Just remove the exit() from main and replace it with a return 0;
只需从main中删除exit(),并用返回0替换它;
#3
2
I don't believe that you have a memory leak. When valgrind says the memory is still reachable it's not telling you that it leaked but that it wasn't free'ed before the program exited. In this case the vector desctructor didn't get called before exit. Try returning from main rather than calling exit().

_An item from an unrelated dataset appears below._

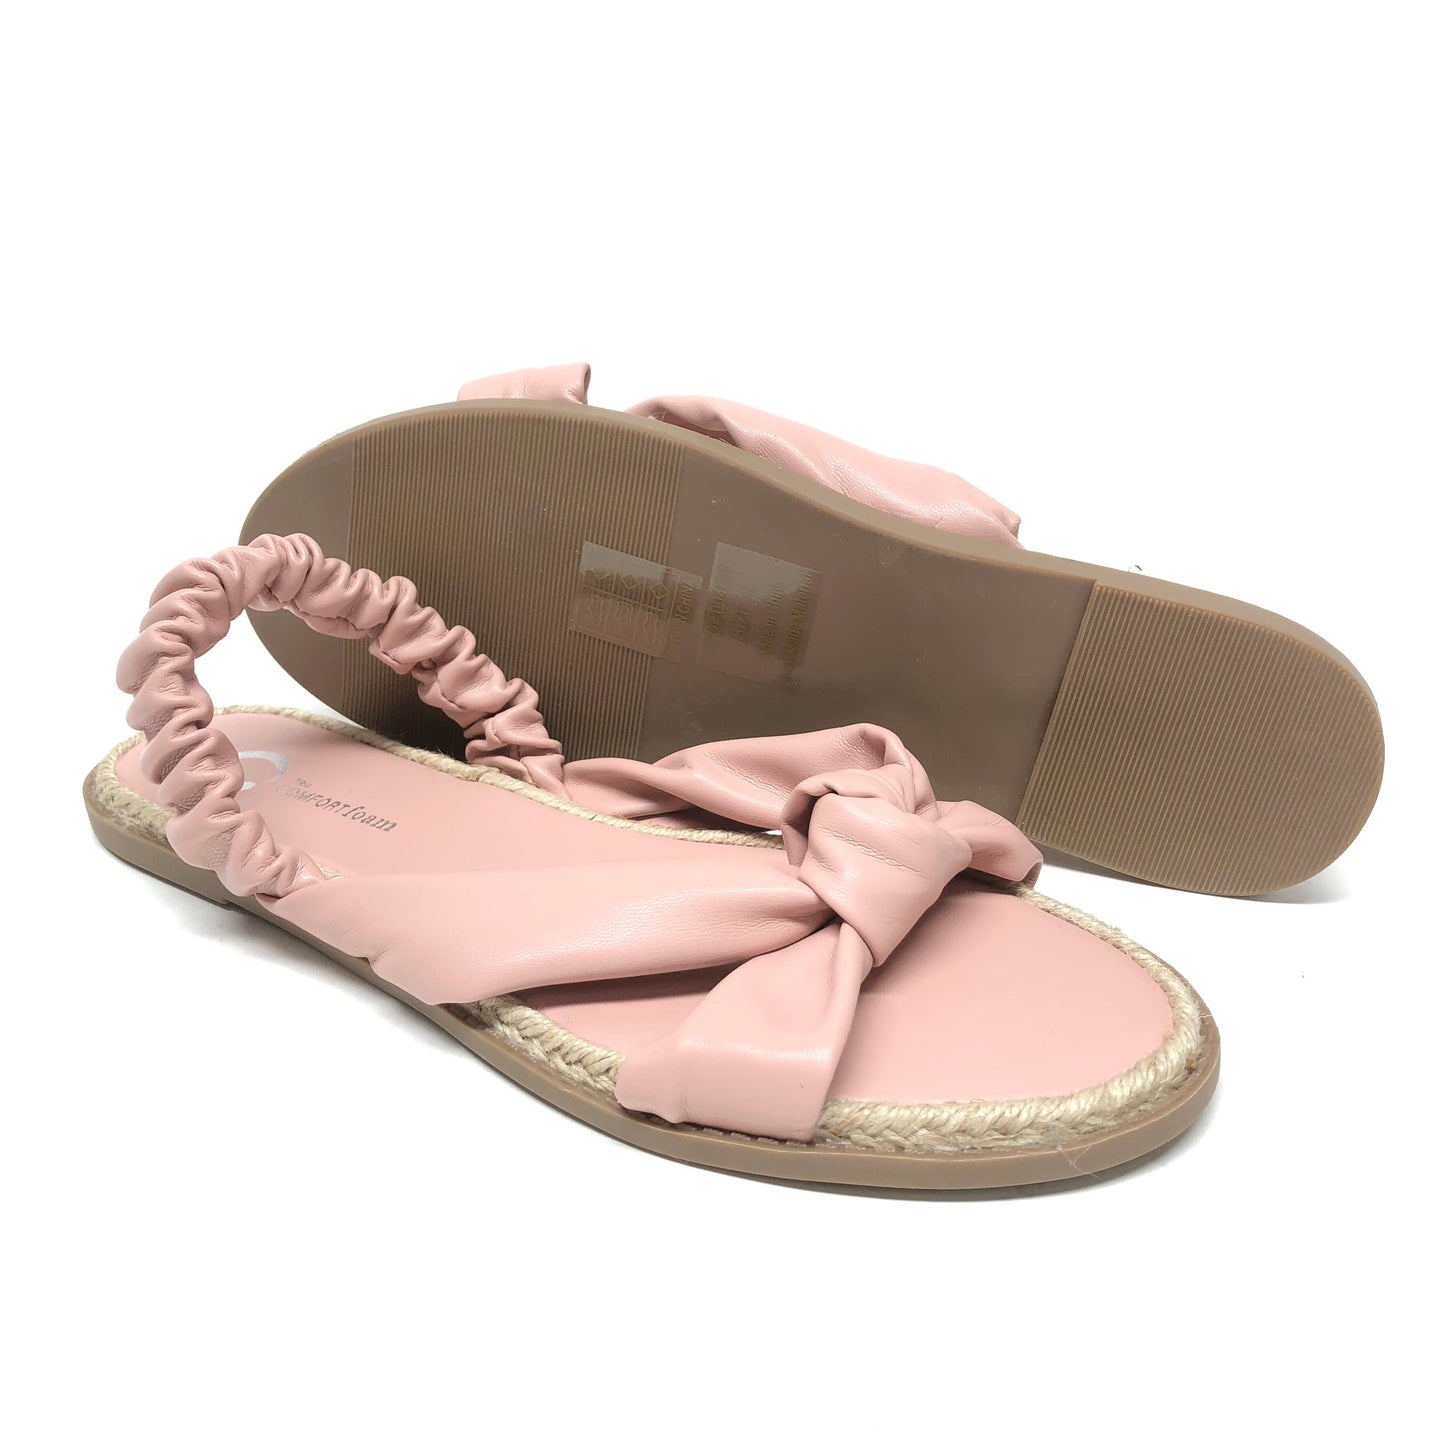 Sandals Flats By Journee  Size: 8

我不相信你有内存泄漏。当valgrind说内存仍然是可访问的它并不是说它泄漏了,而是说它在程序退出之前并没有释放。在这种情况下,向量desctructor在退出之前没有被调用。尝试从main返回,而不是调用exit()。
#4
1
Did you try putting all the code except exit in a separate {} block?
您是否尝试将除exit之外的所有代码放在一个单独的{}块中?
#5
0
You did not have to call the exit function it will immediate exit from the program did not call the OS clean up calls.
您不必调用退出函数,它将立即退出程序,并没有调用操作系统清理调用。
Always use the return() not exit().
总是使用return()而不是exit()。